In search of 337 to win, New Zealand could look back 12 months for inspiration. In the third game of the same series last year they successfully chased 332 in Christchurch, and also went agonisingly close to chasing 345 in Perth just a few weeks ago. But the task looked a lot tougher when Stephen Fleming fell in the third over, caught by Haddin off the bowling of Nathan Bracken. When the in-form Vincent followed six overs later for 26 it looked as though we would be heading to Hamilton on Tuesday with the series level at 1-1. But Ross Taylor had other ideas.
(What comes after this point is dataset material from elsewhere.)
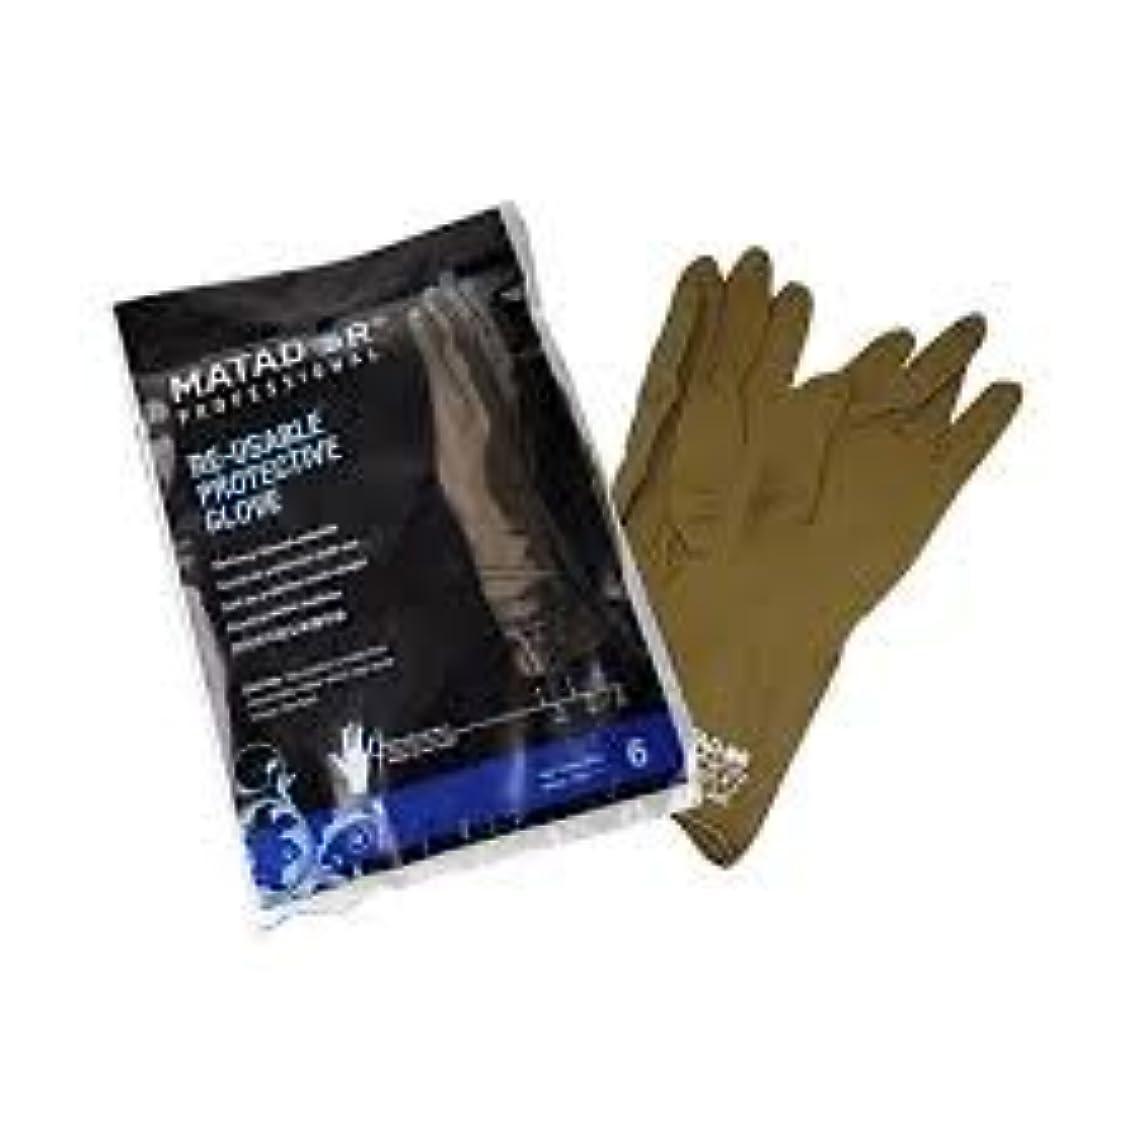 メッセージ心のこもった禁止するマタドールゴム手袋 6.0吋 【10個セット】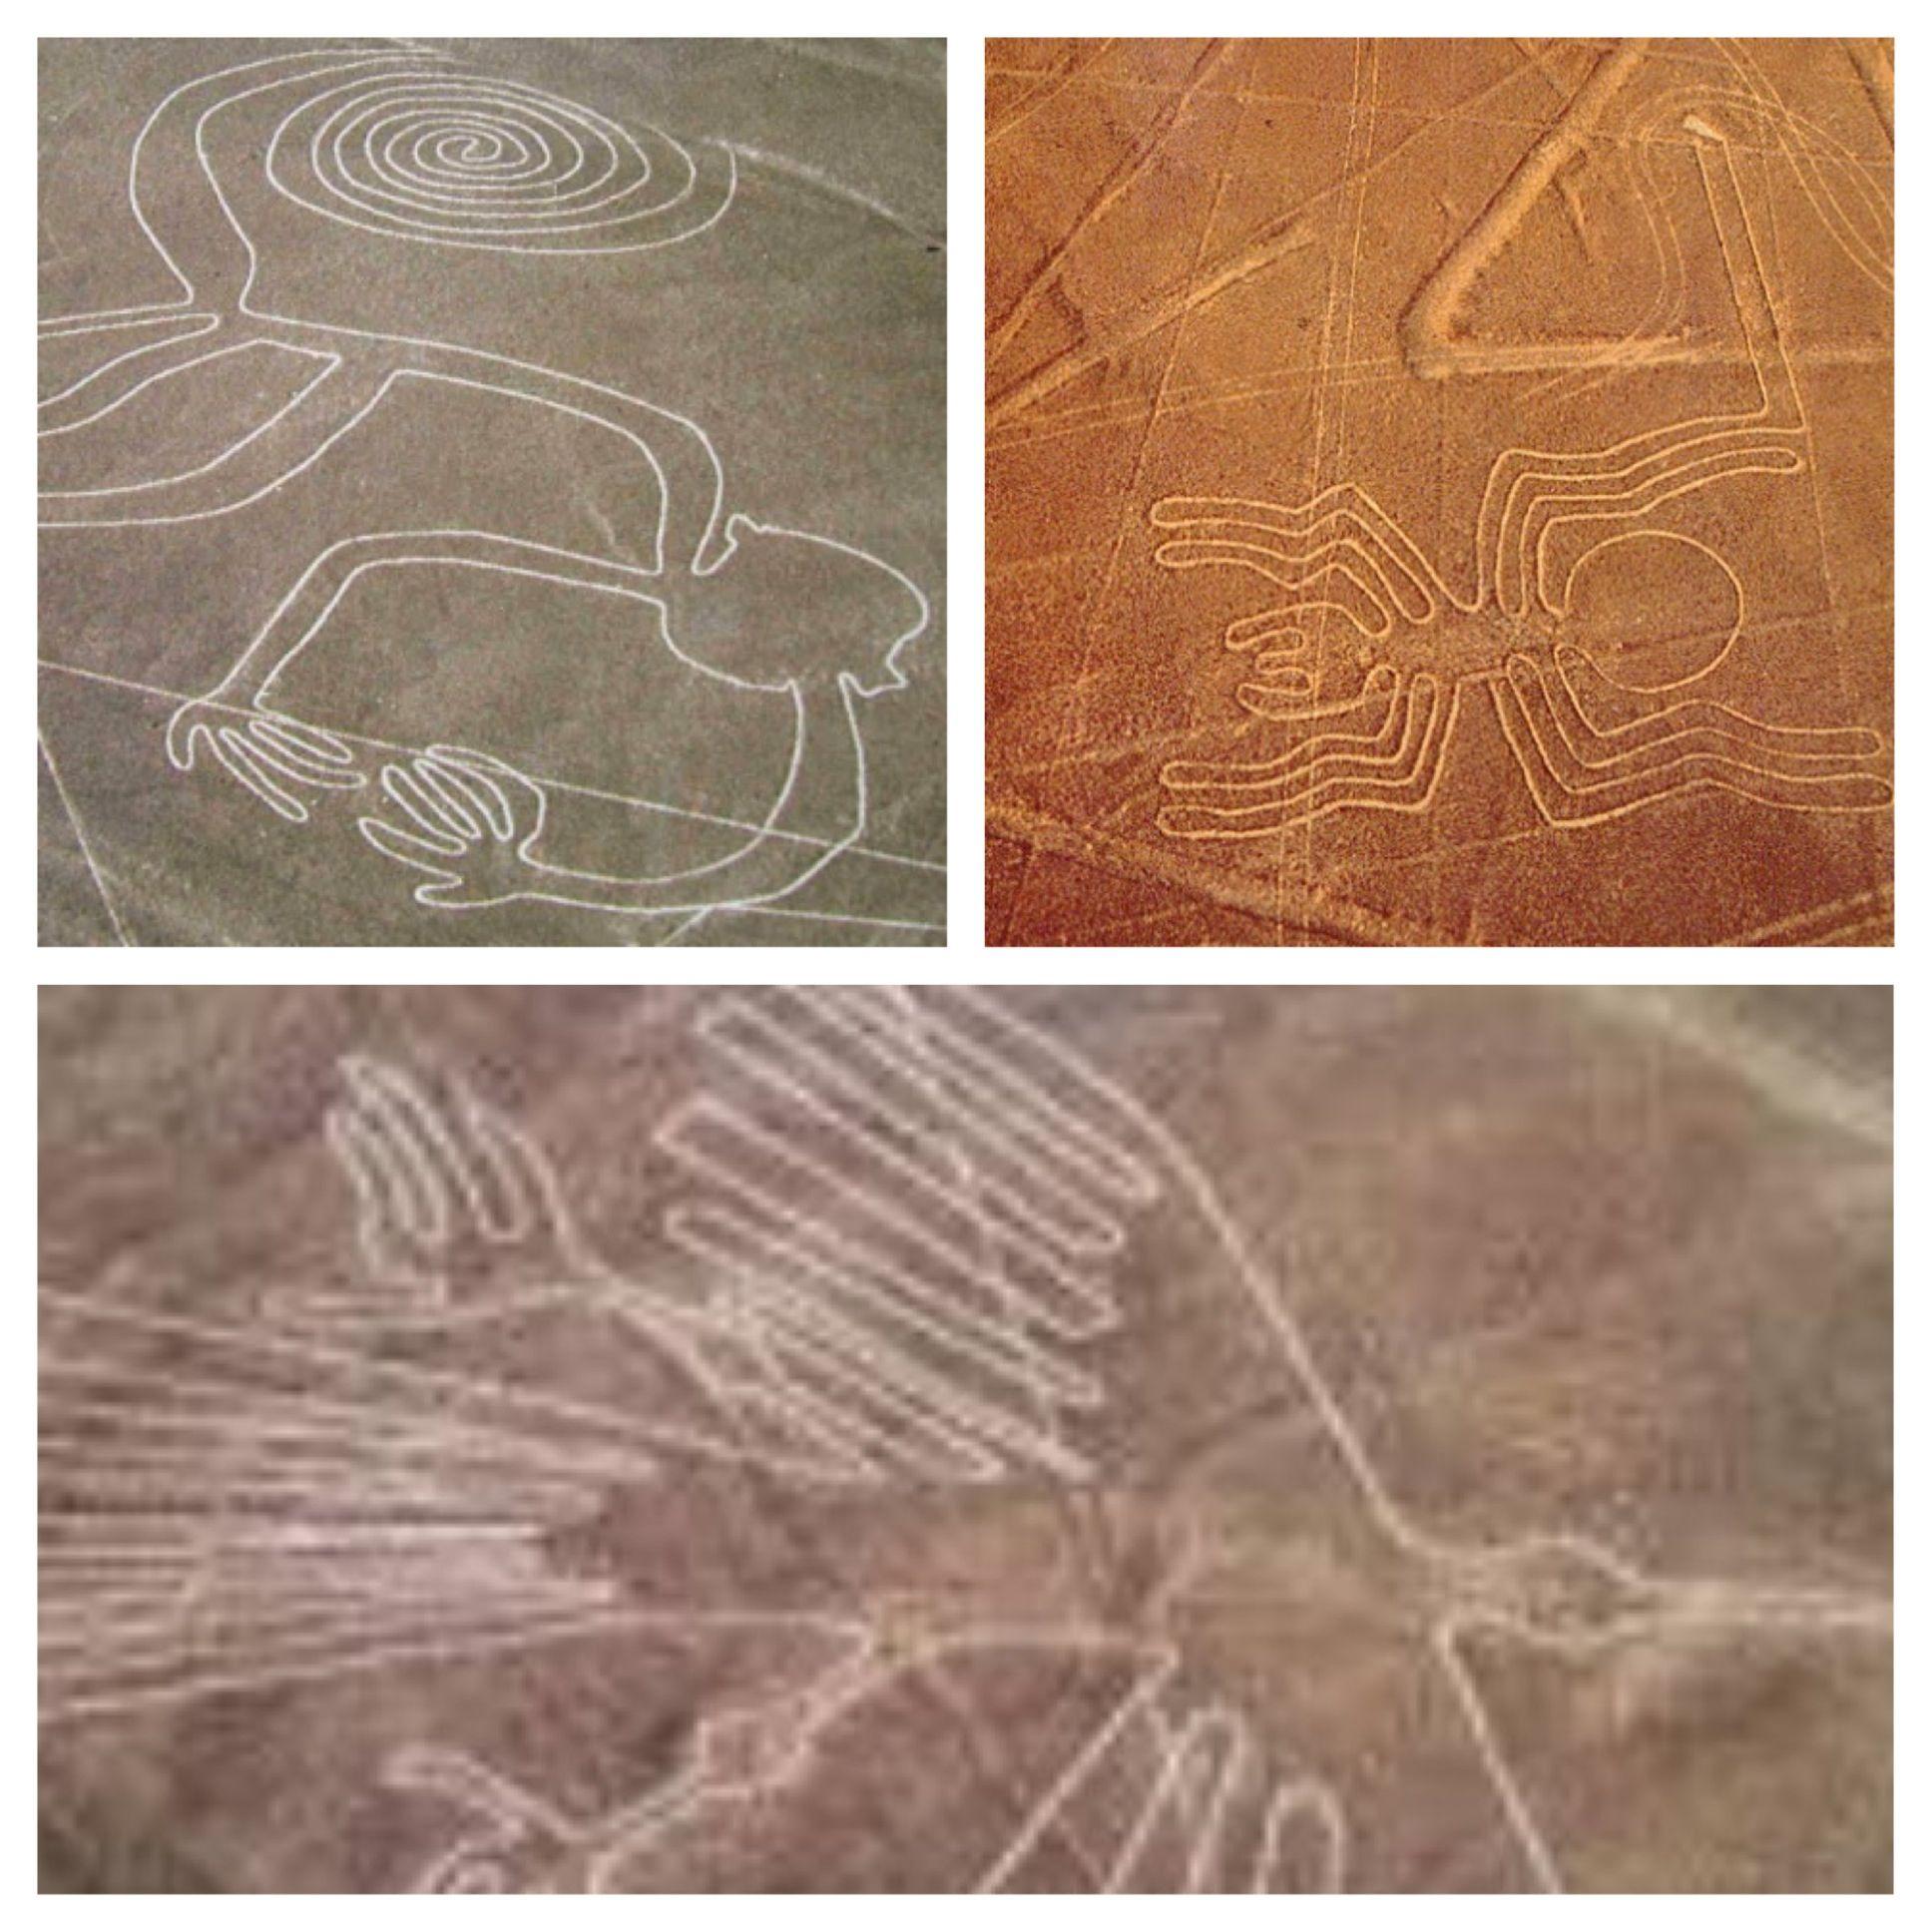 Lineas De Nazca Las Lineas De Nazca Son Dibujos Enormes En La Tierra Necesito Volar 31 Para Ver Los Dibujos Porque Son Mu Lineas De Nazca Dibujos Serpientes

Keen to make up for what he considered a disappointing tour of Australia, Taylor started brightly and although he had some early luck with edges particularly off the bowling of Shaun Tait not going to hand, he played a number of stunning shots and got New Zealand going again after their early setbacks.

Taylor was unable to find a partner in Scott Styris, who fell to a less than impressive shot for 17, but Peter Fulton joined him at the crease after the fall of Styris’s wicket and provided the support Taylor needed. The two put on 115 as Taylor continued to score at an impressive rate and an initially defensive Fulton started to accelerate his scoring rate. The two took the team score through to 200 just over the 30-over mark, confirming that the team’s run-rate was not only at the required level but slightly above it. Taylor himself brought up his second ODI century from 102 deliveries, a wonderful and composed innings from such an inexperienced player.

Taylor eventually fell for 117, and received a well-deserved standing ovation from the 35,000-strong crowd. But in a way it was a blessing in disguise when Taylor fell, as although he was scoring at a good rate he was pedestrian compared to Craig McMillan. From just 30 balls McMillan blasted 52, punishing Australia for dropping a catch early in his innings. As the required run rate moved close to the dangerous 8+ area, McMillan brought a refreshing approach to the chase as he sought to blast every ball and get on top of the Australian bowlers. Fulton at the other end brought up his half-century and although he was regularly overshadowed by his partners at the other end he was scoring at better than a run a ball himself.

When McMillan’s cameo came to an end just 24 runs were needed from 25 balls with 5 wickets in hand, and it was becoming clear to the ecstatic crowd that they were going to witness one of New Zealand’s best one-day victories. Brilliant lower-order hitter Brendon McCullum put it well beyond doubt in the 49th over, which started with the score 11 runs short of victory. McCullum only needed half of the 12 balls available though, hitting champion bowler Glenn McGrath on to the terraces for six to send the crowd in to celebration. He then nudged what turned out to be the final ball for a single to win the match, taking his own score to 19 with Fulton unbeaten at the other end on 76, an innings that may have hardly been noticed by some in the crowd but that must not be forgotten.

The win gave New Zealand the Chappell-Hadlee Trophy for the first time, lifted their world ranking to 3 and relegated Australia’s to 2, the first time they have not occupied the number one spot since the rankings were introduced in 2002. Taylor’s innings was easily his best to date, and hopefully for New Zealand supporters there will be many more like it.

The series has so far been strikingly similar to last year but the other way around. Last year Australia easily won the first game before clinching the series with a breathtaking narrow win in the second game, with New Zealand brilliantly winning the third and final match. This year it was New Zealand who took out the first game with the greatest of ease, and won what was a wonderful second game with a thrilling chase. Will Australia do what New Zealand did in Christchurch last year? Find out in Hamilton on Tuesday.

Australia 336-4
Mike Hussey 106, Brad Hodge 97 no
Shane Bond 1-39, Daniel Vettori 1-54

New Zealand 337-5
Ross Taylor 117, Peter Fulton 76 no
Shane Watson 3-58, Nathan Bracken 2-66

New Zealand won by 5 wickets.

Cricket Web Player of the Match: Ross Taylor – 117 (127).